Essays in Philosophy

Volume 15, Issue 2, July 2014

Consciousness

Keith E. Turausky
Pages 249-265

Wherever You Go, There You Are
On Individuative Subjective Phenomenology

That experience requires a subject is all but uncontroversial. It is surprising, then, that contemporary philosophers of mind generally focus on experiences at the expense of subjects. Herein, I argue that beyond the qualitative character (or “what-it’s-like-ness”) of phenomenology, there is a discrete further fact—the subjective character (or “for-me-ness”) of phenomenology—that calls out for explanation. Similar views have recently been endorsed by both Zahavi and Kriegel, but a comparison of the ways they have framed the issue suggests there are two discrete questions afoot: (1) in virtue of what does subjective phenomenology exist whatsoever, and (2) in virtue of what might one’s subjective phenomenology differ from that of one’s perfect duplicate?
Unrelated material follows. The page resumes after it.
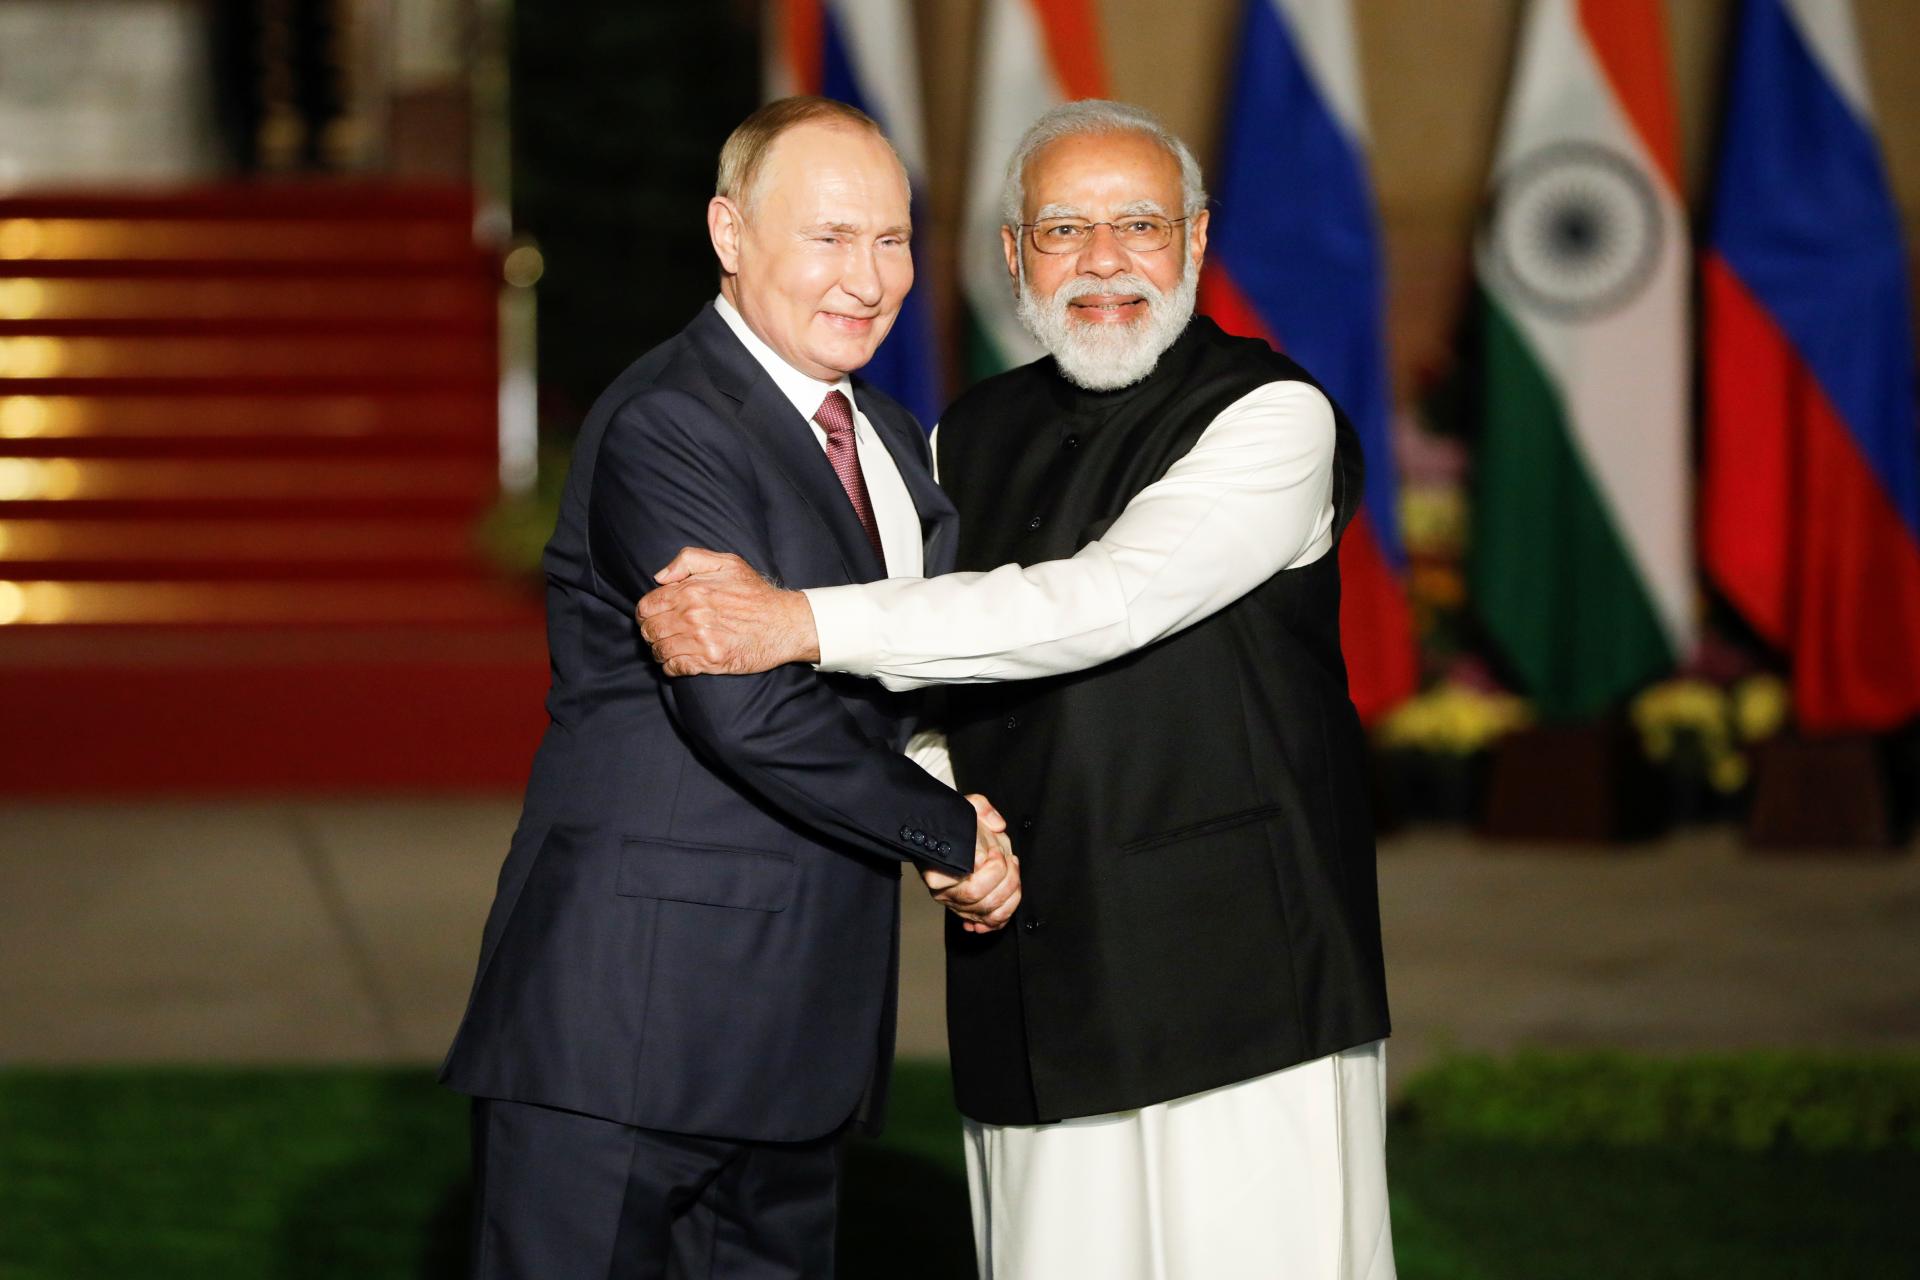 Indovia posilňujú vzťahy s Ruskom. Od Moskvy kupujú lacno ropu aj vojenskú techniku, vyvažujú vplyv Číny

The second question—that of individuative subjective phenomenology—is my primary concern, and its answer seems to me to require the invocation of haecceities: non-qualitative, non-duplicable properties that uniquely individuate objects (and, in this case, subjects). In other words, I suggest that the property of being the very subject that one is enters essentially into the phenomenological character of all one’s experiences.